--- DATASET CONTENT Enclosed Below ---

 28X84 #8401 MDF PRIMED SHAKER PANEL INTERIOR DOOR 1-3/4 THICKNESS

--- End of Enclosed DATASET CONTENT ---
--- DATASET CONTENT Enclosed Below ---

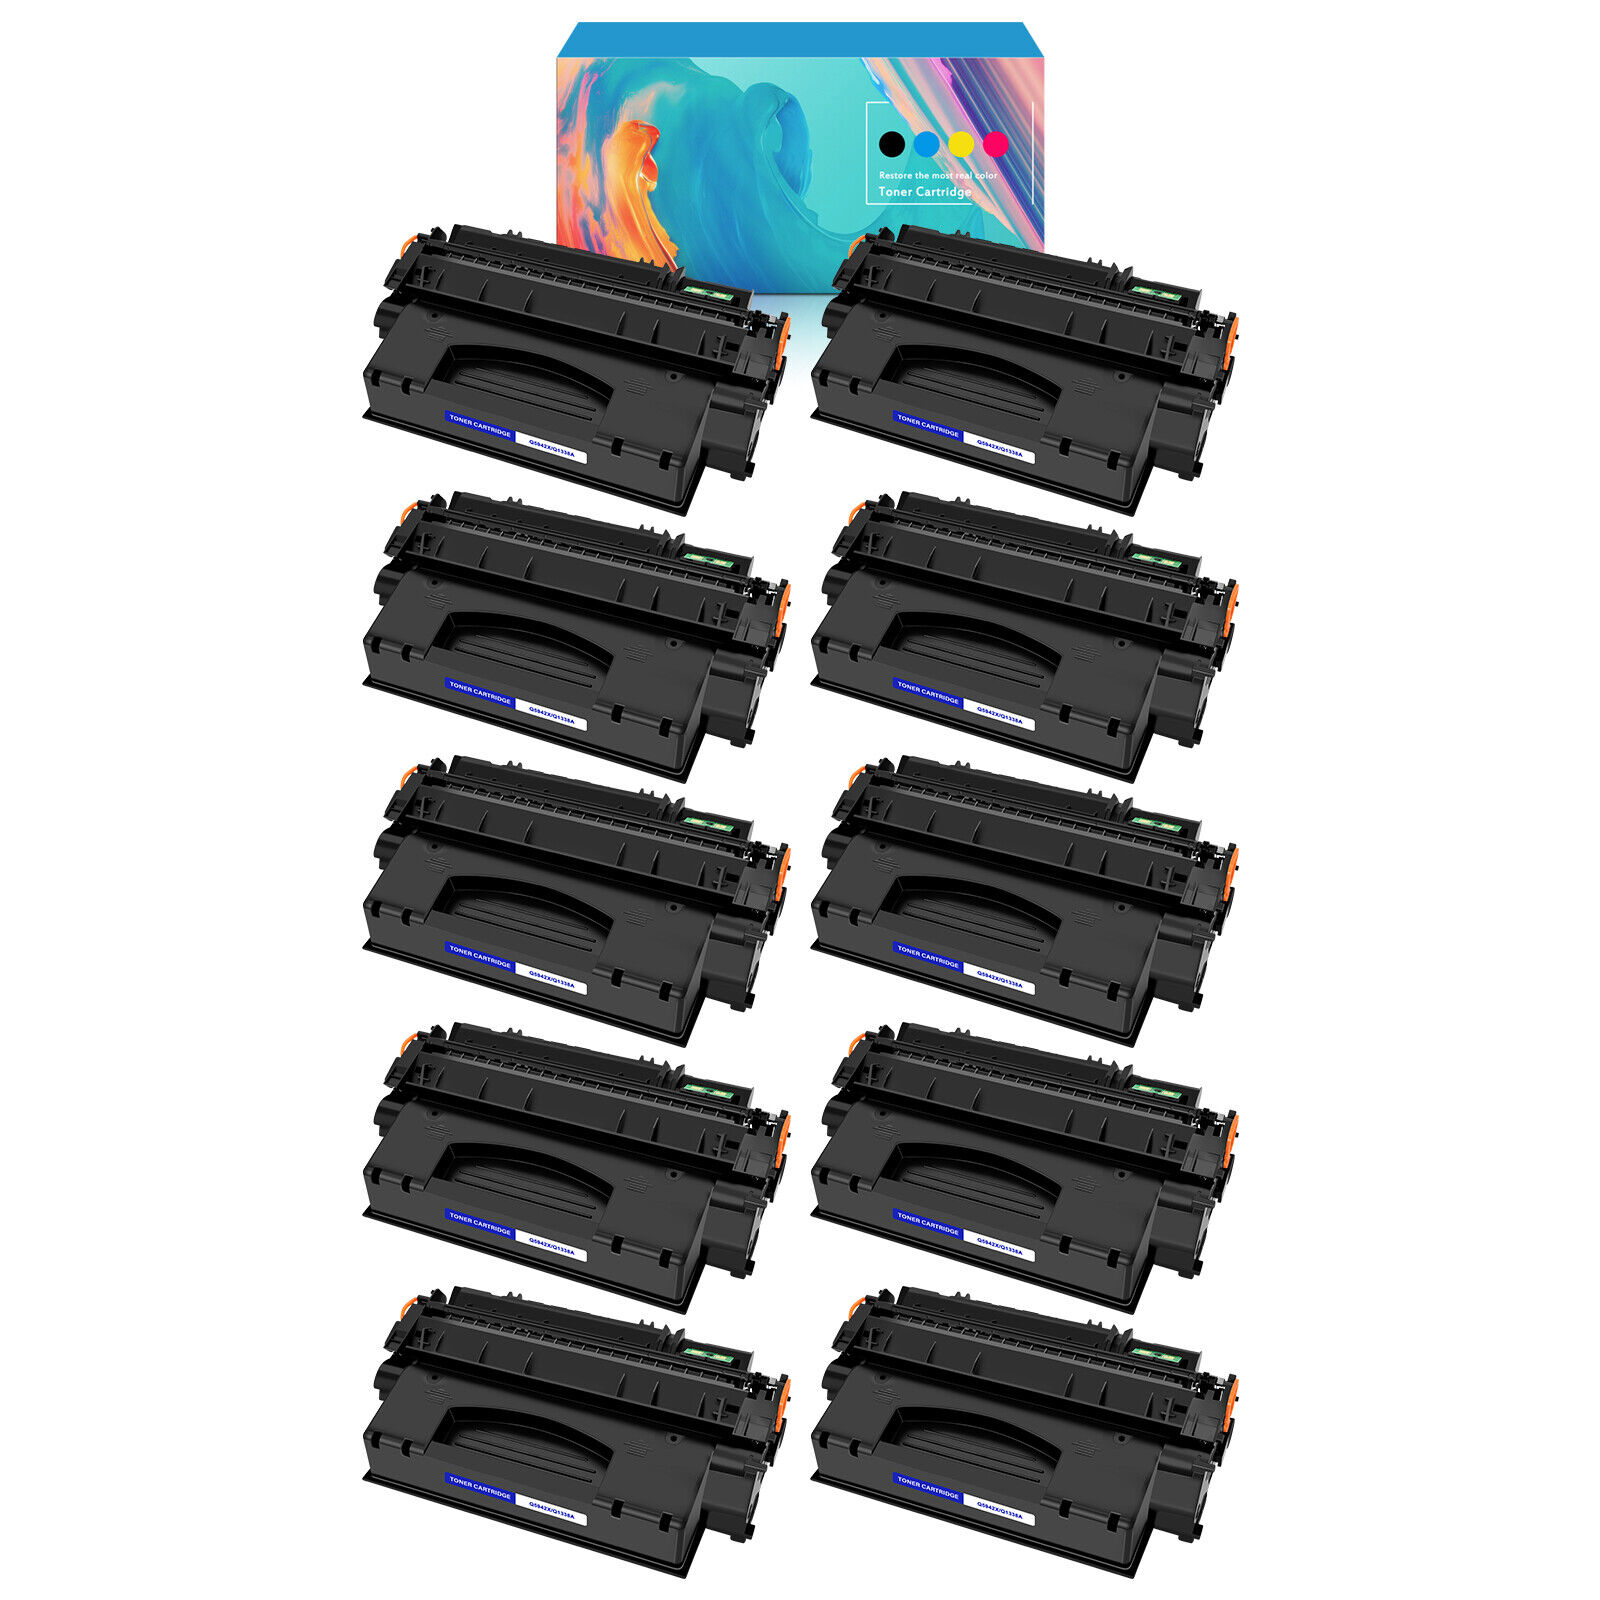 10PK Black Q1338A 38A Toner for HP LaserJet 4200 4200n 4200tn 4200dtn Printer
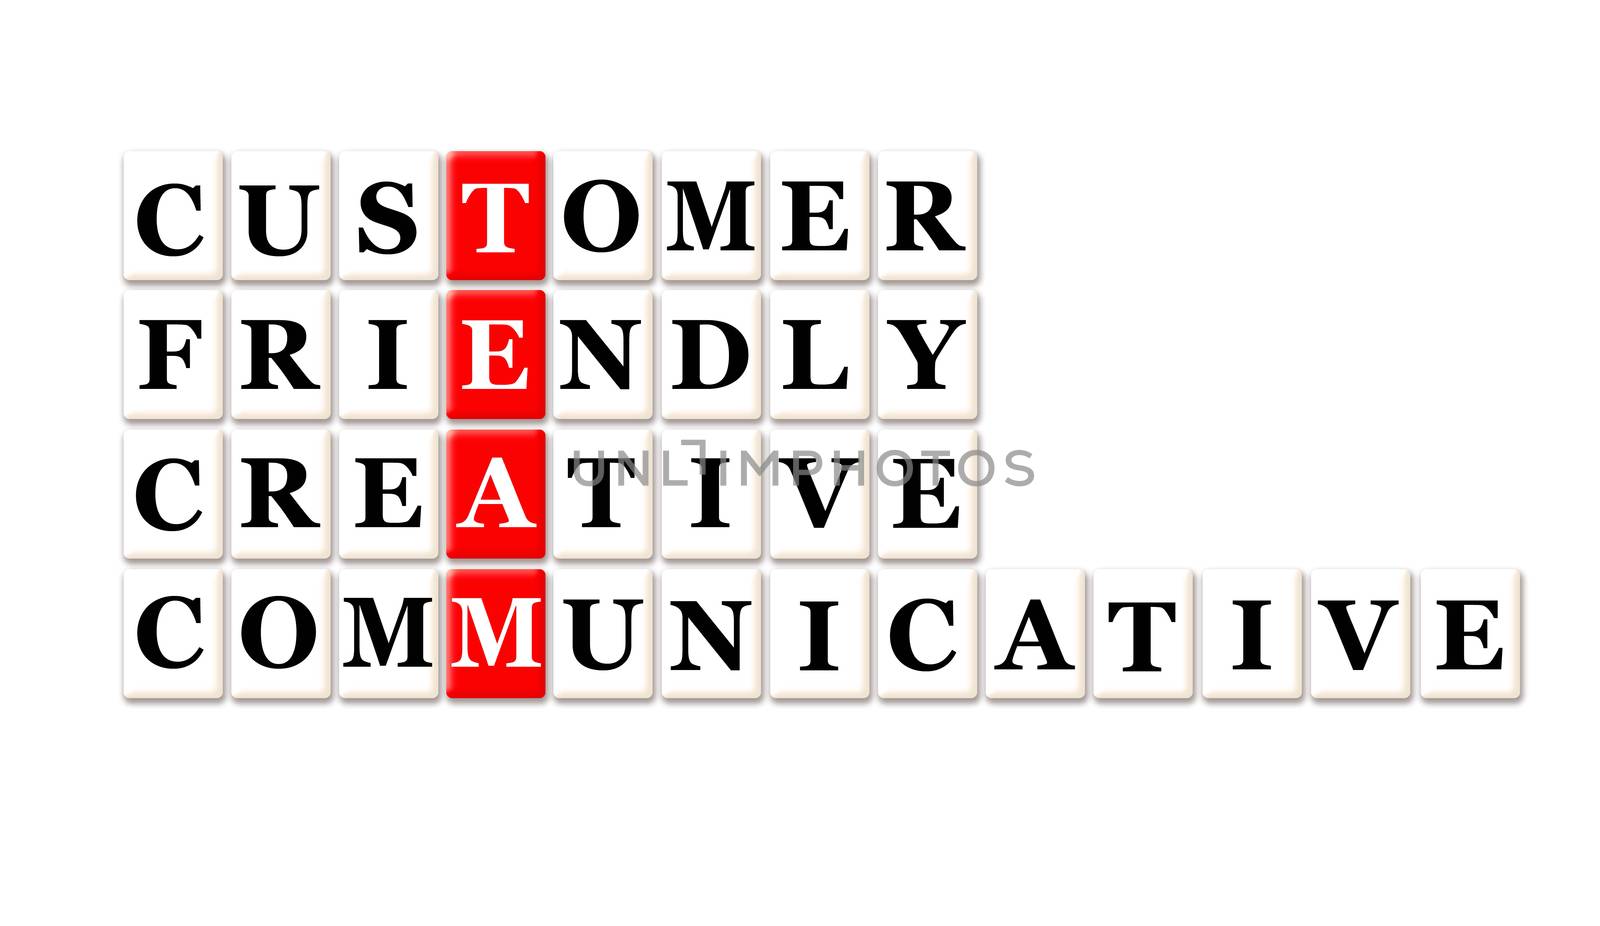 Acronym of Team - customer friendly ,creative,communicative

--- End of Enclosed DATASET CONTENT ---

● EXERCISE DESCRIPTION: Please transcribe exactly the part of the records that opens with the line containing "10PK Black Q1338A" and closes with the line containing "Acronym of Team", both ends included, and leave out the pictures.

● WRITTEN SOLUTION:
 10PK Black Q1338A 38A Toner for HP LaserJet 4200 4200n 4200tn 4200dtn Printer
 Acronym of Team - customer friendly ,creative,communicative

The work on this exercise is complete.